Why is it the most in-demand tool for marketers?
MMM doesn't replace attribution models: it complements them. While attribution models (such as MTA) trace the path of an individual user, MMM measures the aggregate effect. Both models enhance each other when combined with experimentation (A/B testing or GeoLift).
- Works without personal data: It operates on aggregated data, without the need for cookies or individual identifiers.
- Optimizes budget: Allows reallocation of investment to channels with the highest marginal ROI.
- Offers a full-funnel view: Considers the entire marketing ecosystem, beyond the digital channel.
A 360° view: what MMM really measures
Unlike traditional attribution models, the MMM offers a comprehensive understanding of all the factors that influence results.
- Online media: Paid traffic, organic traffic, social media, influencers, email, podcasts.
- Offline media: TV, radio, outdoor advertising, print, events.
- Commercial factors: Prices, promotions, discounts, distribution channels.
- Seasonality: Summer/winter, holidays, key events.
- Macroeconomic variables: Inflation, unemployment, exchange rate, weather, regulations.
This approach helps answer a key question: How much of our sales can be explained by our marketing efforts and how much by external factors?
Business impact in real cases
We're not just talking about theory.
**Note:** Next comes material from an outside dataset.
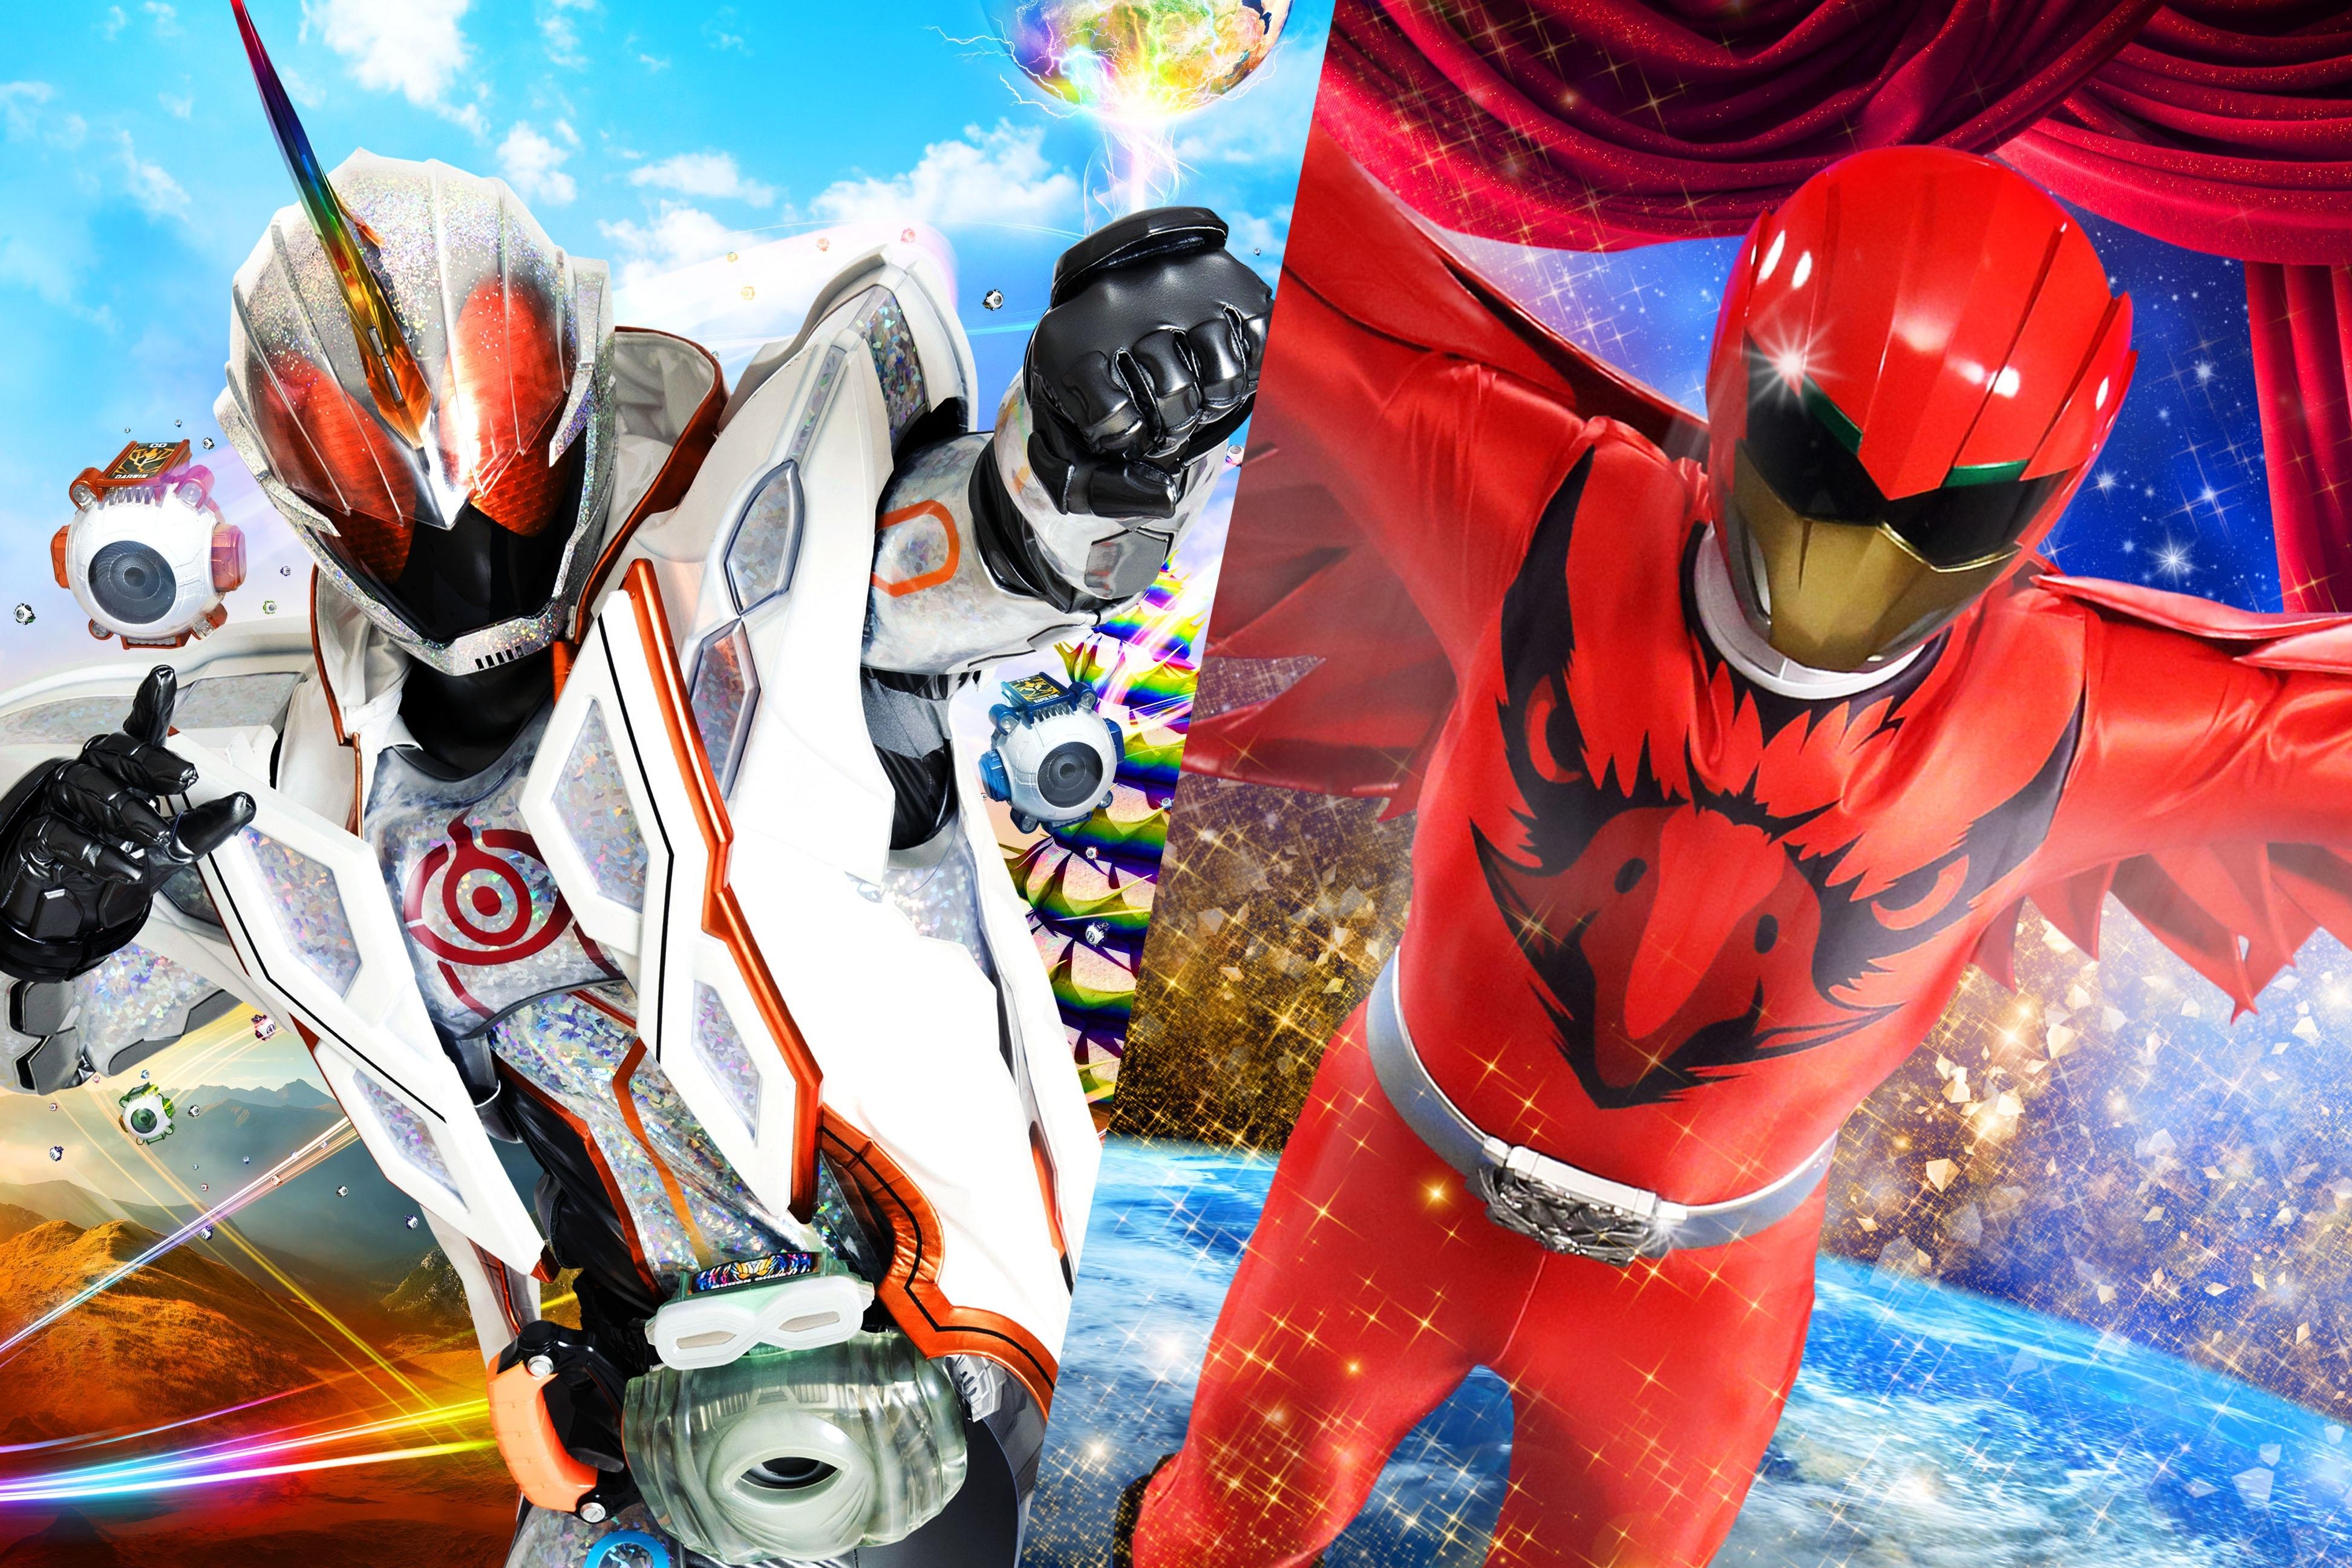 ゴジラだけの夏ではもったいない!!仮面ライダー&スーパー戦隊劇場版を忘れるな!

Several brands in Latin America are already using MMM to transform their strategy:
- Telecommunications: For Liberty Latin America, we developed a marketing mix model that increased its optimization potential by 15%. See the case study.
- Financial Services: For five (5) different brands, our results revealed that the effective implementation of MMM can increase conversions by between 3% and 15% with the same advertising budget. See the case studies.
These results demonstrate the potential of MMM to generate real and tangible efficiency.
How do we implement MMM at Bunker DB?
With global recognition from Meta Business Partner and TikTok Marketing Partner in measurement for our marketing mix capabilities, our methodology combines technical precision and real-world applicability. Here's how we work:
- Collection and normalization of internal and external data. We unify all the necessary information—from media investment to macroeconomic variables—ensuring statistical consistency.
- Econometric modeling and impact estimation. We apply iterative models to estimate how much each variable contributes to sales, including marginal ROI by channel.
- Saturation curves by medium. We identify points where investment is no longer efficient and suggest optimal reallocations.
- Calibration with incrementality studies. We compare the model with real-world tests to improve its accuracy.
- Budget optimization. We evaluate the difference between the original and optimized budget, clearly showing the potential gains in ROAS.
Conclusion: Smarter, Data-Driven Marketing
Marketing Mix Modeling is a modern response to a more complex context. It allows brands to measure accurately, decide with evidence, and optimize with confidence. Better measurement will come from using the right models, not individual data.